# What's a good plant?



## hlfelipe (Mar 4, 2011)

Hi everyone, I'm just wondering, what's a good plant to put it on a drywood?
My thank is a guppy tank. =)
Thank you. =)


----------



## Will (Jul 24, 2008)

Anubias sp.
Java Moss (or Pheonix, Flame, Taiwan, Christmas, Stringy... etc Mosses)
Java Fern 

All of these do well in lower light conditions.


----------



## hlfelipe (Mar 4, 2011)

Will Hayward said:


> Anubias sp.
> Java Moss (or Pheonix, Flame, Taiwan, Christmas, Stringy... etc Mosses)
> Java Fern
> 
> All of these do well in lower light conditions.


Thank you for takin the time to answer. Just another question.
What can i use to make my plants healthier and to look green n nice?


----------



## Will (Jul 24, 2008)

Green plants come in a multitude of green hues and intensities, so choosing various plants that are light, med and dark green shades will have a good layer effect in a planted tank, especially one that is filled with predominately green plants. Avoids having the tank look like a wall of green.

Secondly, lightbulbs have a colour spectrum measured in Kelvin. Certain bulbs give off a glow of a particular colour, and thus your eyes may perceive the 'green' coloured light bouncing off the green plant differently under different bulbs.

Beyond that, if your plants are pale and sickly, it may take some troubleshooting to find what resources they are lacking. A plant that is pale yellow may need iron or something, a plant with hols in the leaves may need potassium, etc. Using some root tab fertilisers for plants in the substrate is easy and benificial. Adding a DIY Yeast+Sugar CO2 reactor to a small planted tank will also offer the plants essential co2, allowing them to grow faster, denser, and more vibrant.
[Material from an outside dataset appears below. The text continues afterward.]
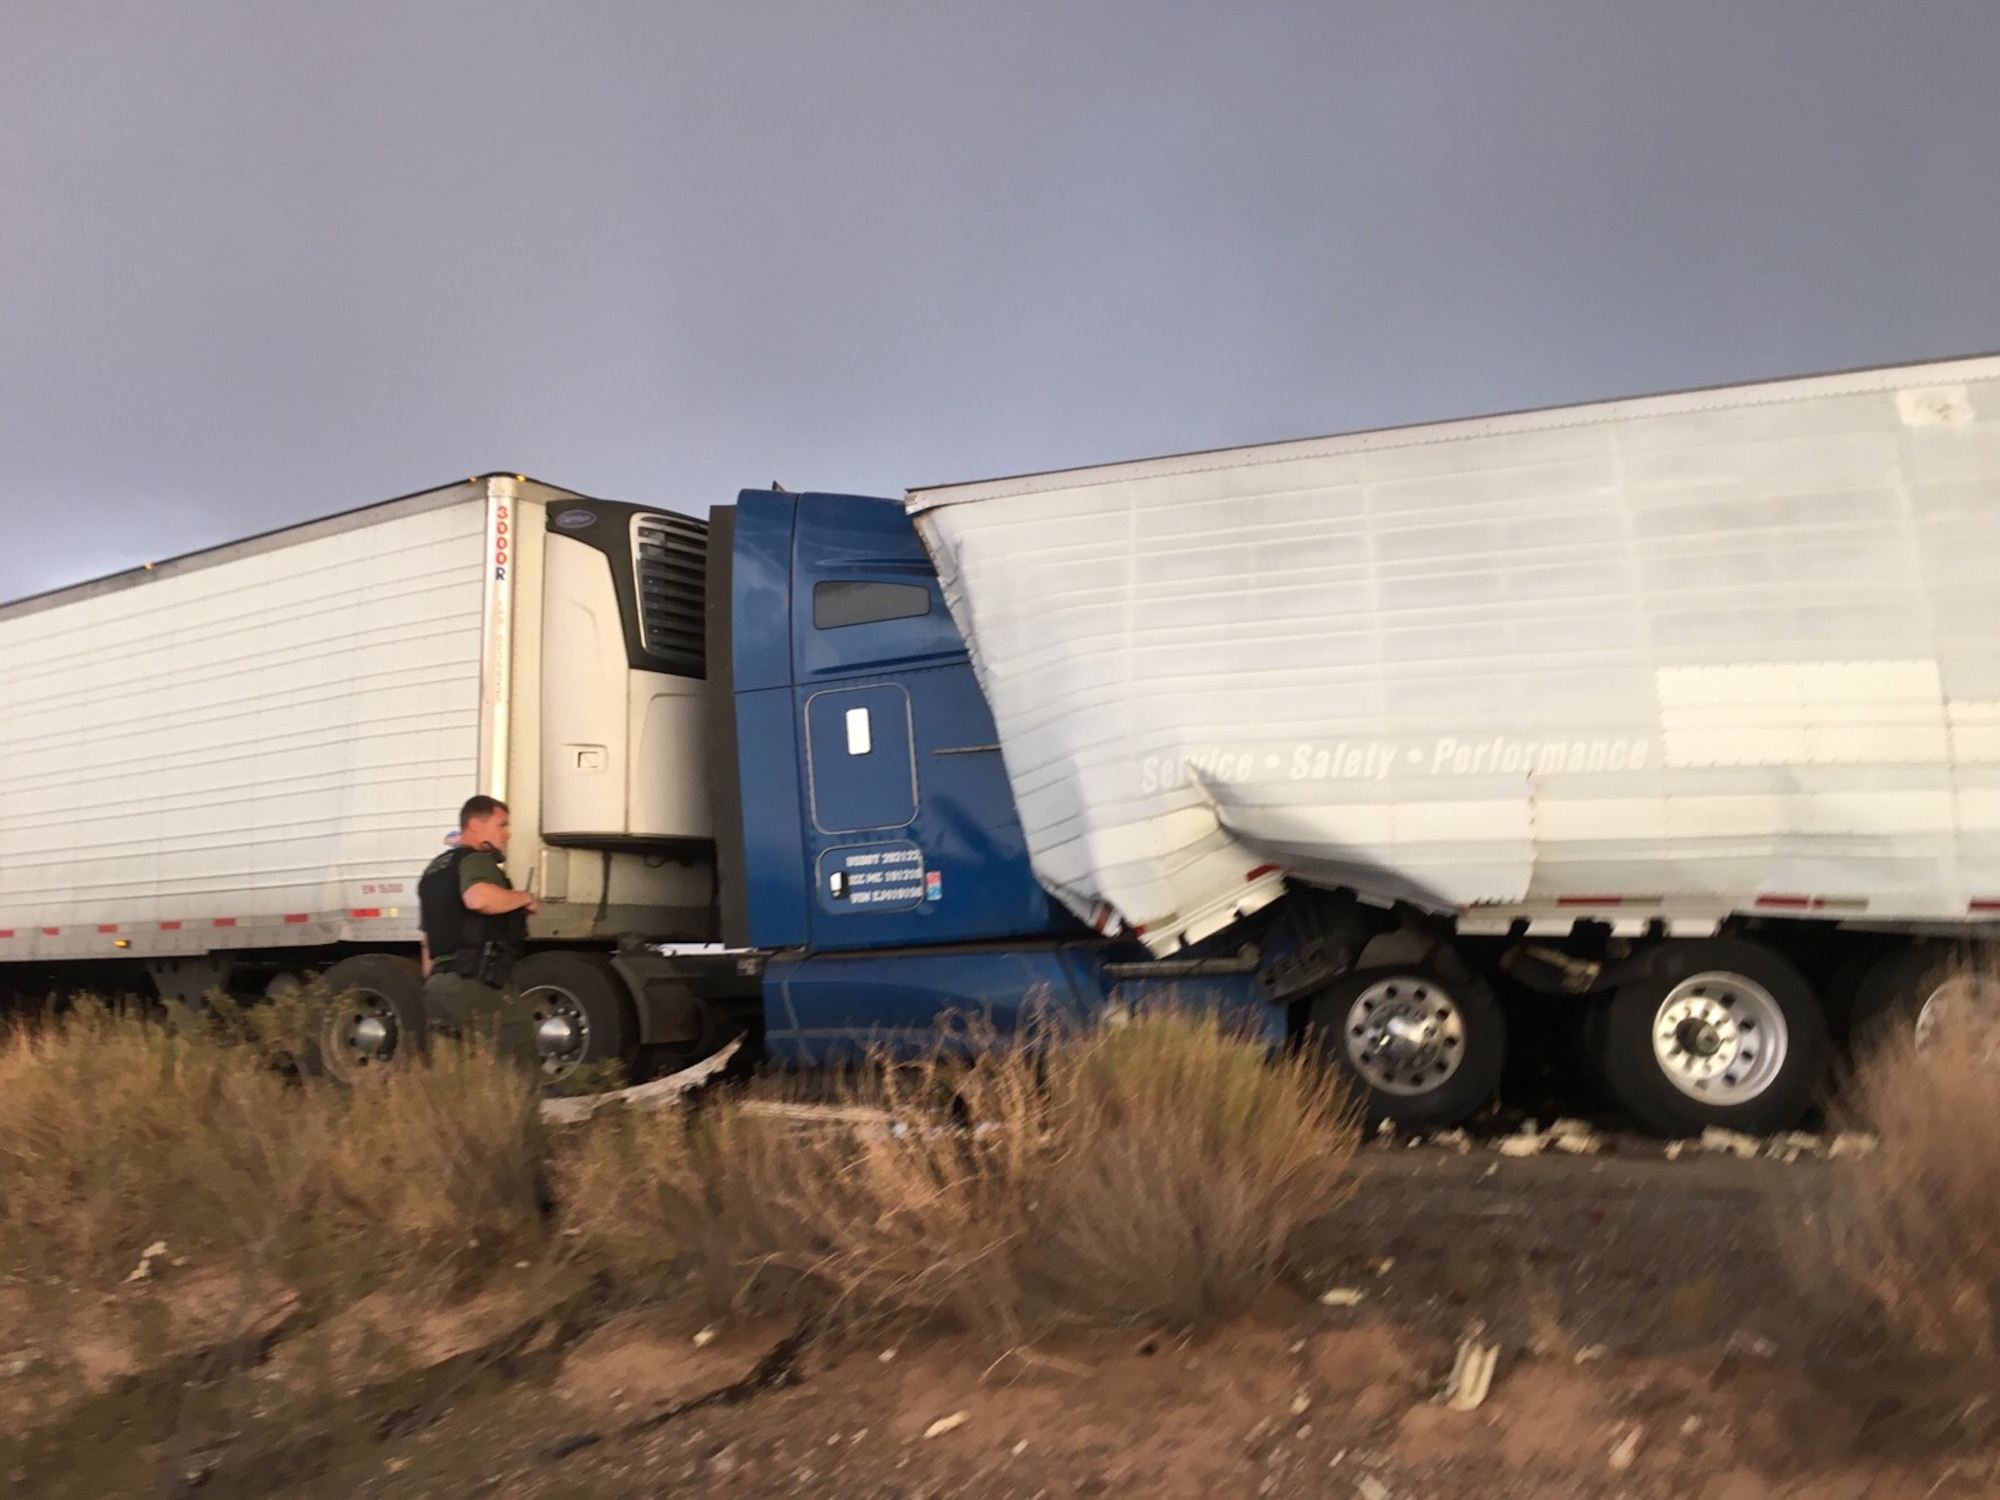 Two semitractor-trailers sit on the roadside after a sandstorm on Interstate 8 in Arizona, July 19, 2016. U.S. Air Force Staff Sgt. Eric Fullmer, 563rd Operations Support Squadron loadmaster, and Senior Airman Shane Hardin, 563rd OSS aerial delivery journeyman, assisted motorists injured in a pile up created by the sandstorm. (Courtesy photo)

There's no end to what some people do in their planted tanks. They can be done very simple but still healthy, or very hands-on complicated systems with fast growth and nutrient uptake, but have some risk of problems due to equipment failure or mis-measured-dosing/mis-measured testing.


----------



## hlfelipe (Mar 4, 2011)

thank you for all the info. =)
I guess Im gonna try to do a planted tank hehe


----------



## default (May 28, 2011)

anubias are great starters, not demanding, and can survivor almost any condition, and they dont even require gravel. they just cost more than most plants. but if you want your guppies to breed with a higher success rate. you might want to try something with more cover; moss, ferns=roots, cabombas, rotala, micro chainswords. and thats only some that i could think of, there are many more.
-best of luck!


----------